When pulling(), peek() will be used to check the element at the head of the queue to check whether the trigger time has been reached. ScheduledThreadPoolExecutor uses a similar structure.
--Thread-safe blocking queue--
The queue length of BlockingQueue is limited to ensure that the speed of producers and consumers will not differ too far and avoid memory exhaustion. The queue length cannot be changed after it is set. When the queue is full when entering the queue, or the queue is empty when leaving the queue, the effects of different functions are shown in the table below:
May report an exception Return a Boolean value May block waiting Waiting time can be set
Enter the queue add(e) offer( e) put(e) offer(e, timeout, unit)
dequeue remove() poll() take() poll(timeout, unit)

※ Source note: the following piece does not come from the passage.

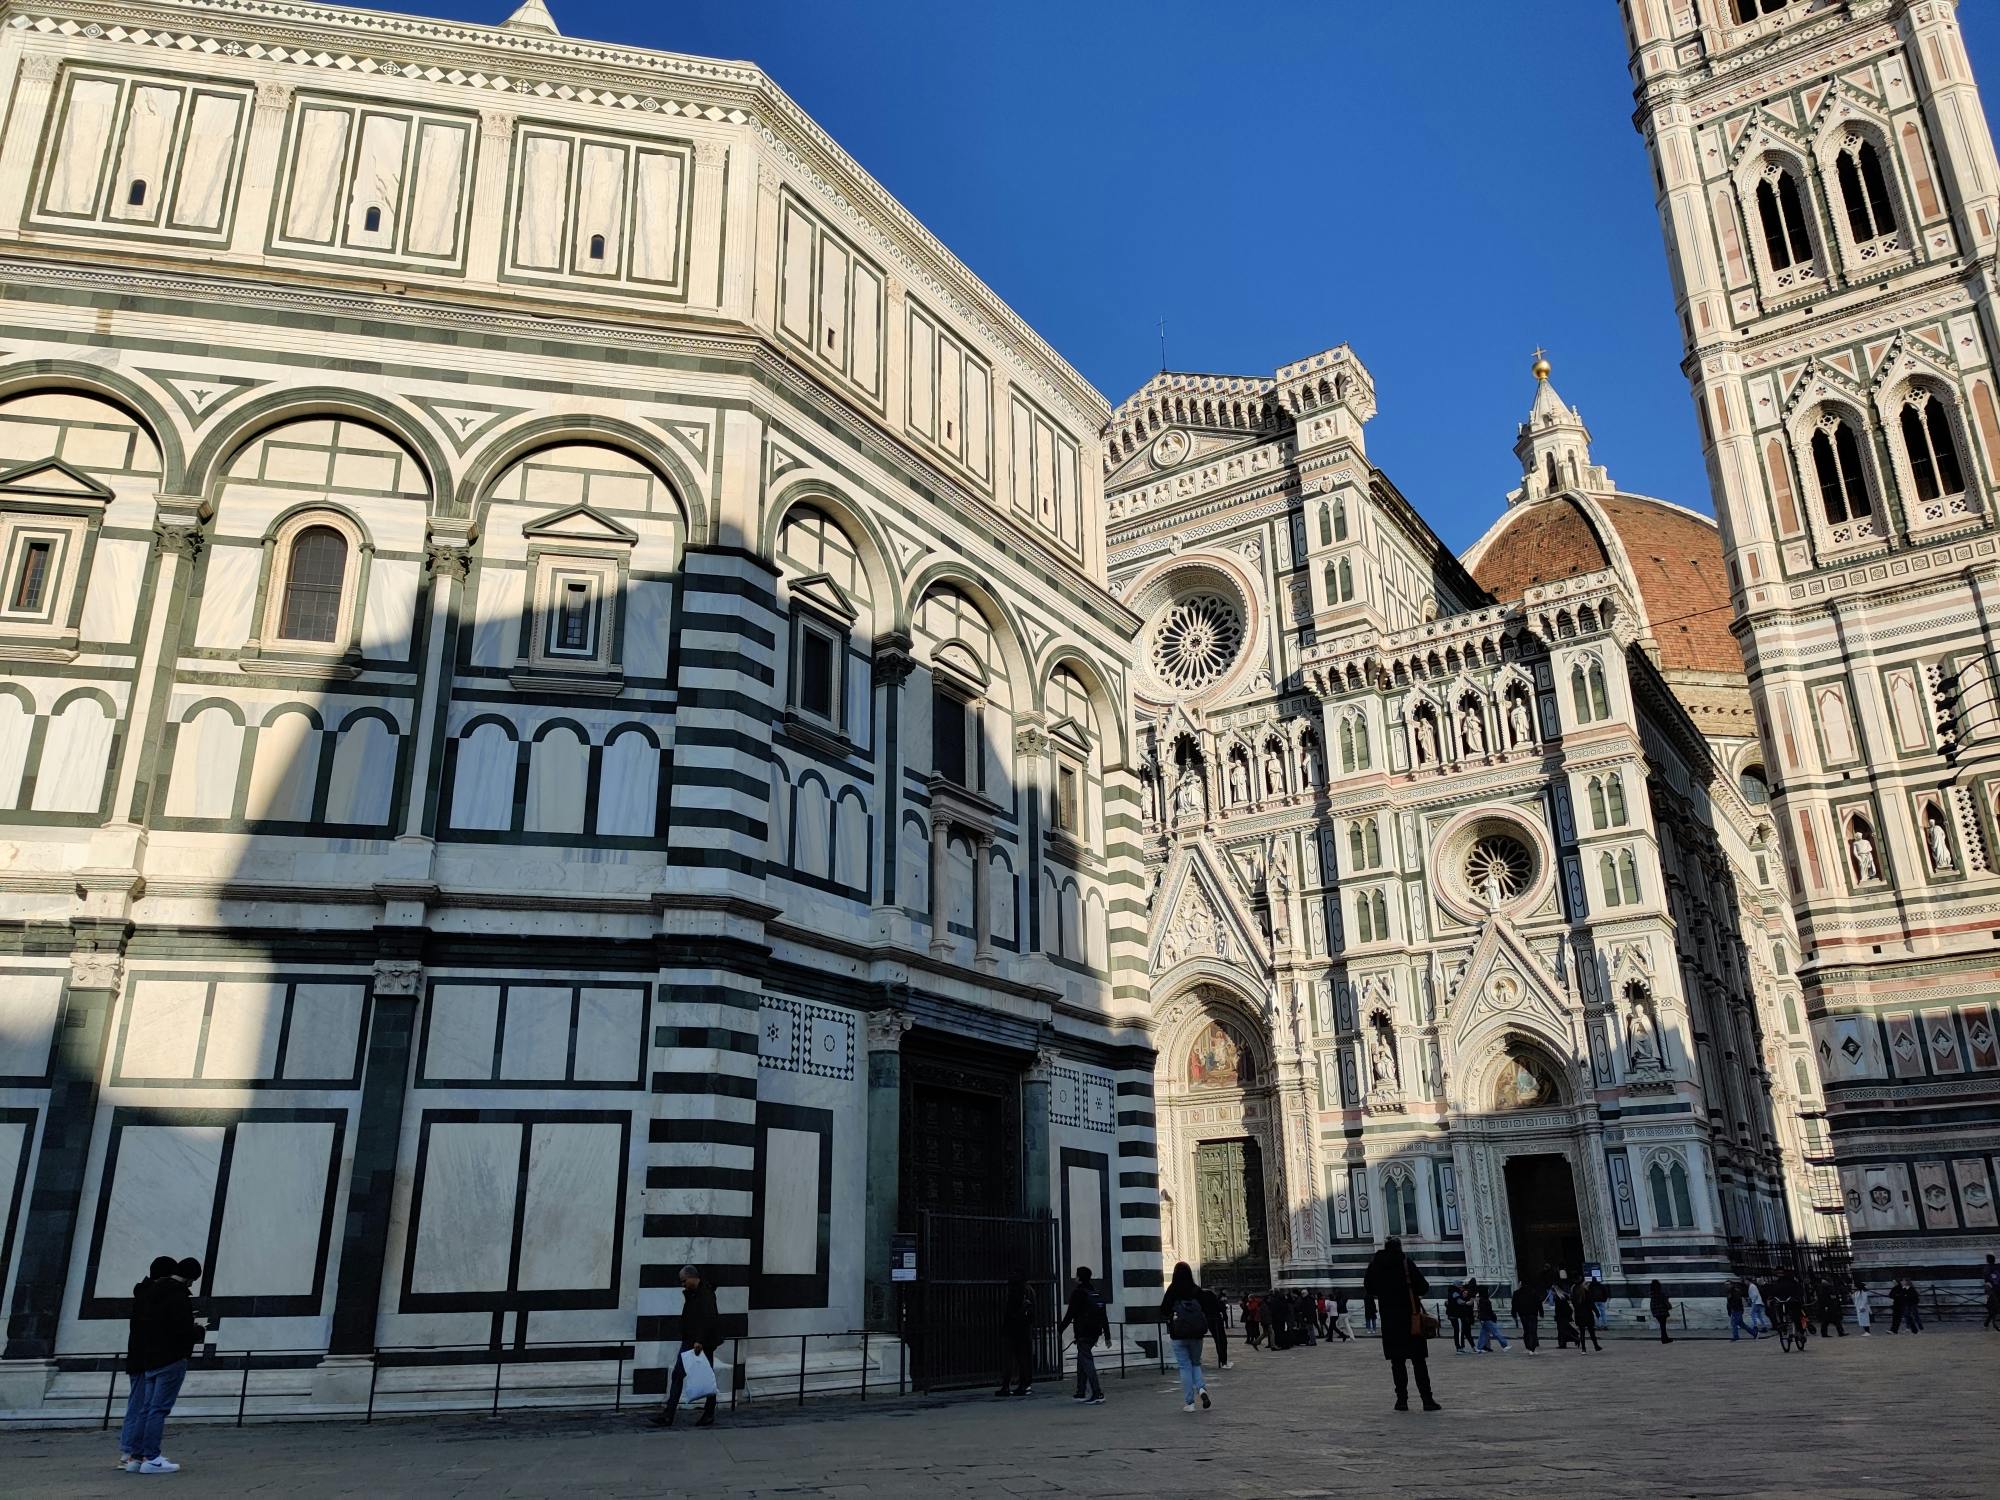 Ingresso prioritario al Duomo di Firenze e visita guidata

View element() peek() none none
ArrayBlockingQueue
fixed Long concurrency optimized BlockingQueue, implemented based on loop array. There is a common read-write lock and two Conditions, notFull and notEmpty, to manage the blocking state when the queue is full or empty.
LinkedBlockingQueue/LinkedBlockingDeque
You can choose a long concurrency-optimized BlockingQueue, which is implemented based on a linked list, so you can set the length to Integer.MAX_VALUE. Taking advantage of the characteristics of the linked list, the two locks takeLock and putLock are separated, and notEmpty and notFull are used to continue to manage the blocking state when the queue is full or empty.
Supplement
JDK7 has a LinkedTransferQueue. The transfer(e) method ensures that the elements put in by the Producer are taken away by the Consumer and returned. It is better than SynchronousQueue. You should learn it when you have time.